18. August 2005 Lebensqualität in der Gynäkologischen Onkologie – eine kritische Analyse am Beispiel des Ovarialkarzinoms

J. Sehouli, D. Könsgen, I. Katsares, G. Oskay, A. Mustea, W. Lichtenegger, für die AG Quality of life, Universitätsklinikum Charité Berlin, Campus Virchow-Klinikum, Klinik für Frauenheilkunde und Geburtshilfe.

Der Begriff Lebensqualität („Quality of Life“) steht in den letzten Jahren zunehmend im Focus der Gynäkologischen Onkologie. Kaum eine klinische Studie existiert, in der nicht Lebensqualität thematisiert wird. Hierbei basieren jedoch meist die Aussagen zur Lebensqualität alleine auf der Auswertung von hämatologischen und nicht-hämatologischen Nebenwirkungen.
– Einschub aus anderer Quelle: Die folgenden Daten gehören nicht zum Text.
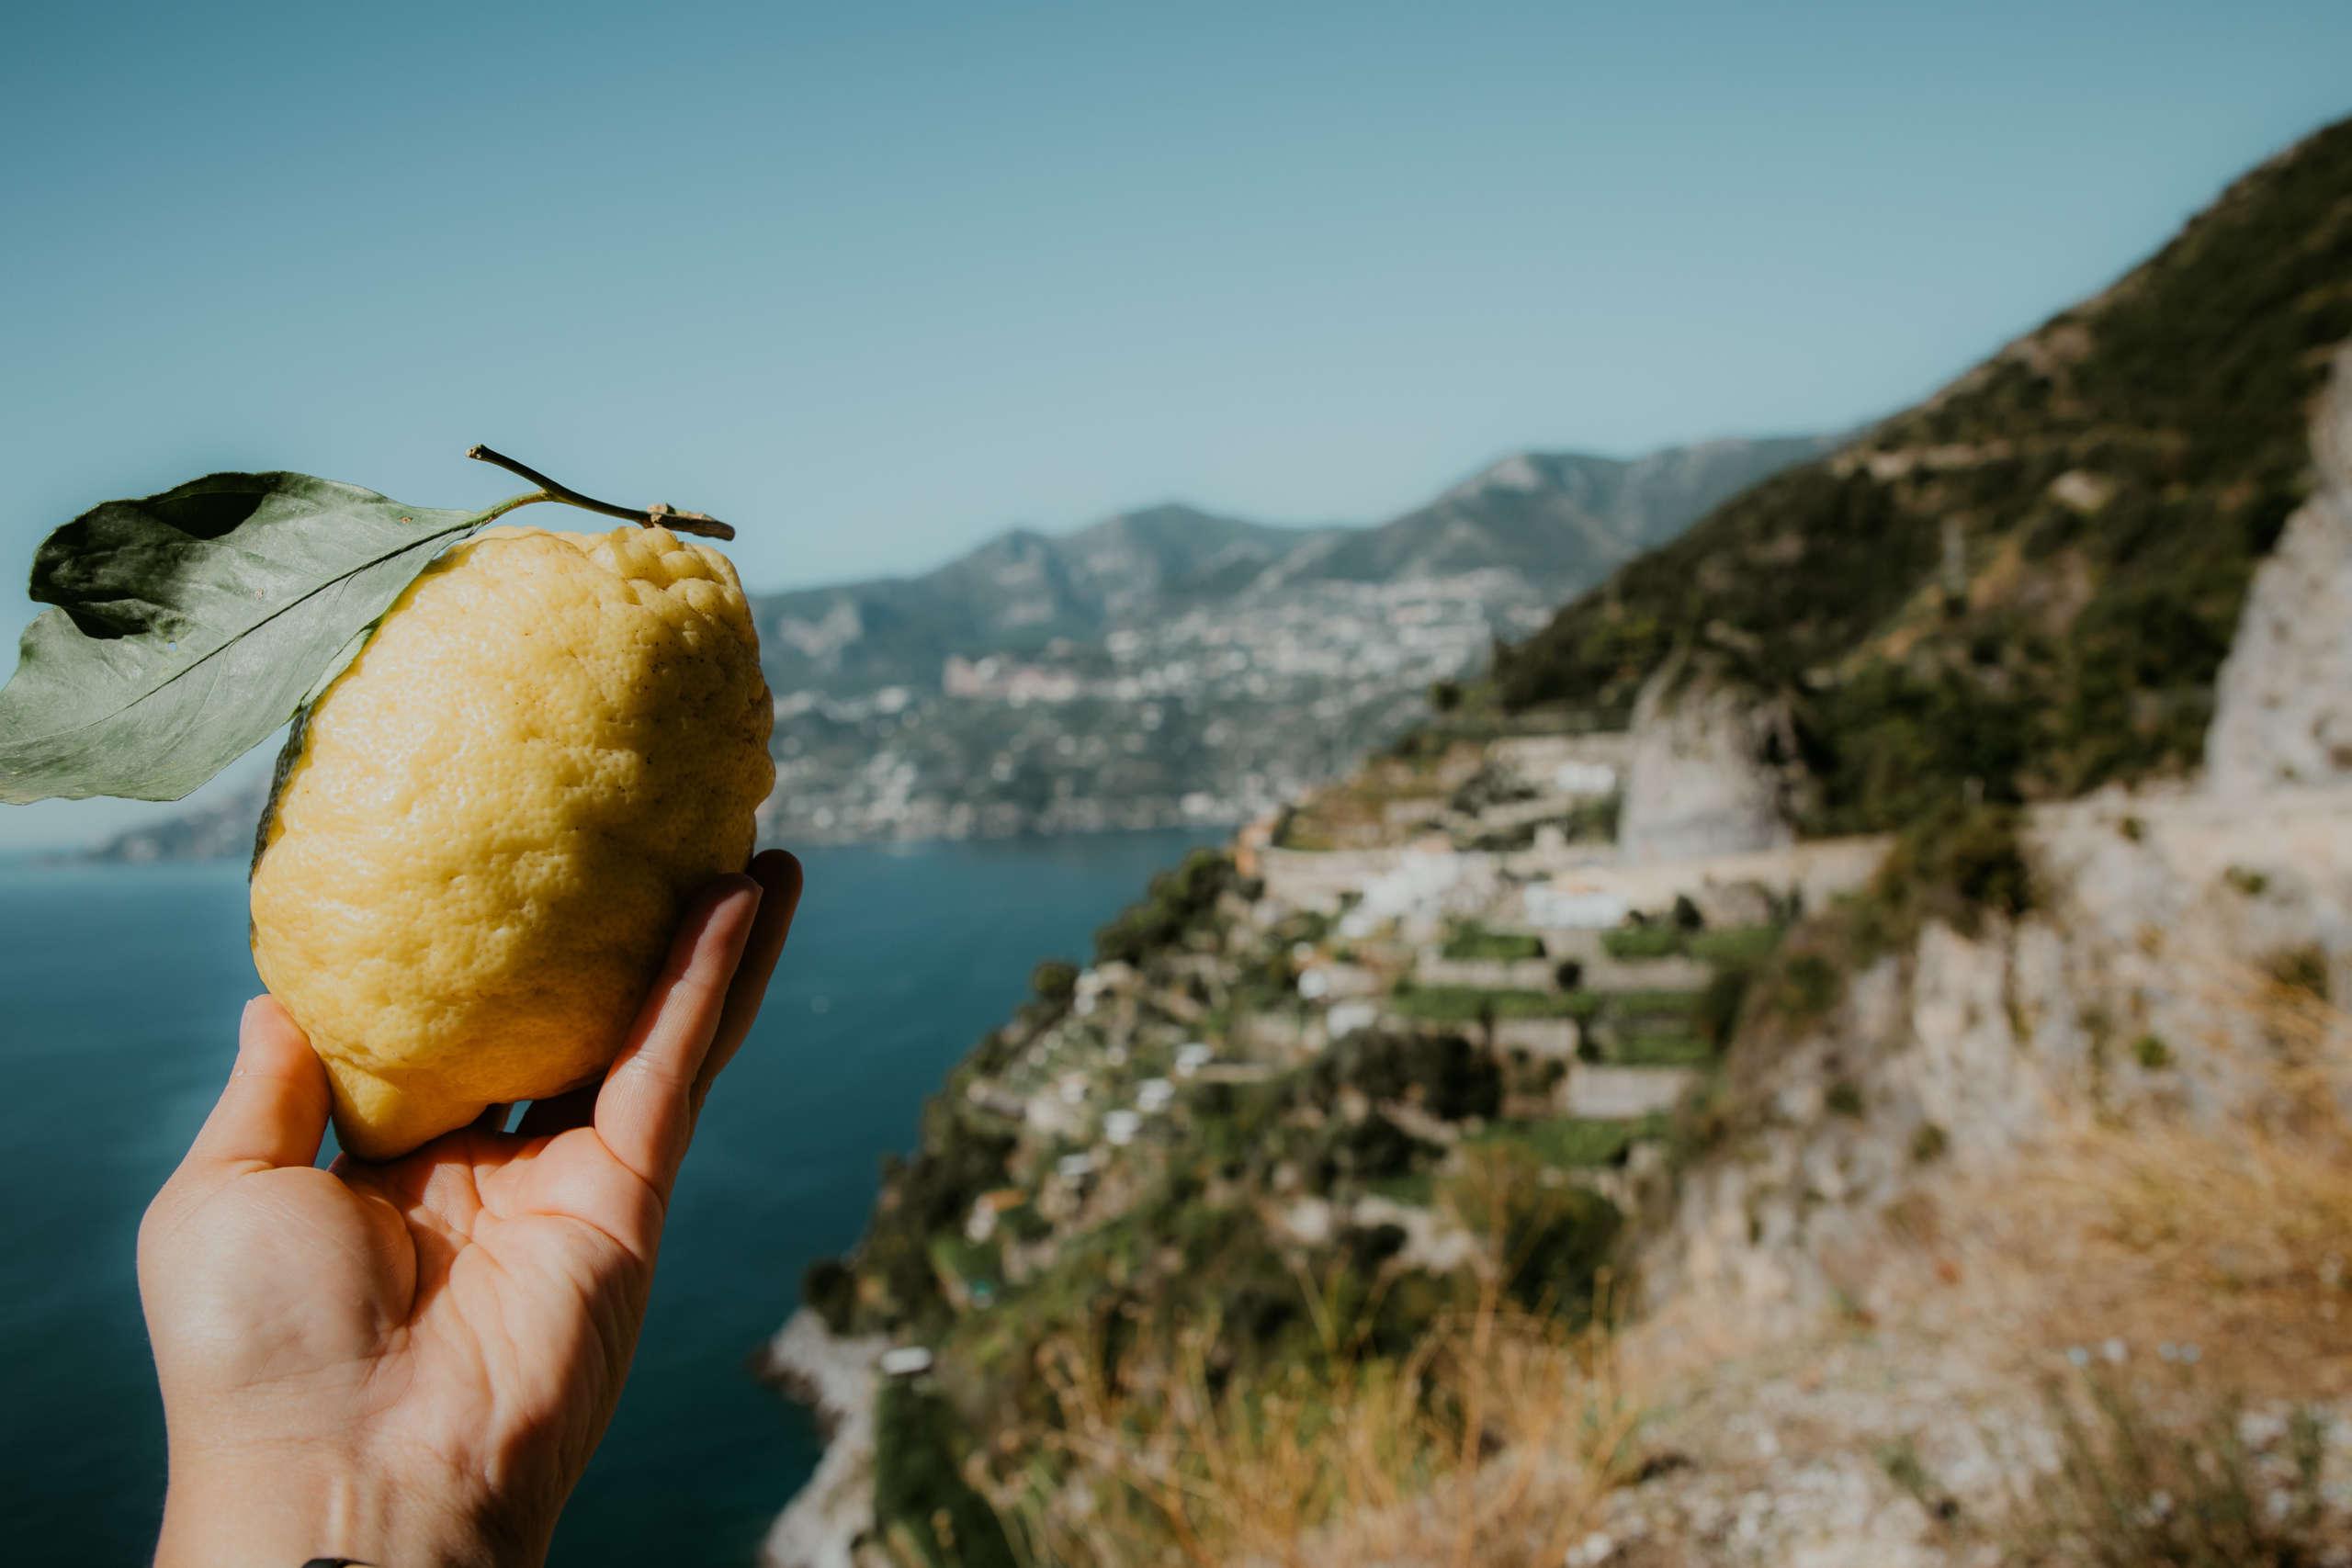 Eine Zitrone die in der Hand gehalten wird.

Unstrittig ist die Tatsache, dass diese Toxizitäten, wie Nausea und Emesis Einfluss auf die Gesamtlebensqualität haben können, ebenso aber unstrittig ist, dass die Beschreibung der Lebensqualität stets multidimensional zu erfolgen hat, welches die subjektive Bewertung des körperlichen, seelischen und sozialen Erlebens enthält, die sich auf einen definierten Zeitraum bezieht und als wichtigste Dimensionen für Lebensqualität drei Globaldimensionen umfasst: die somatische, psychische und sozioökonomische Dimension.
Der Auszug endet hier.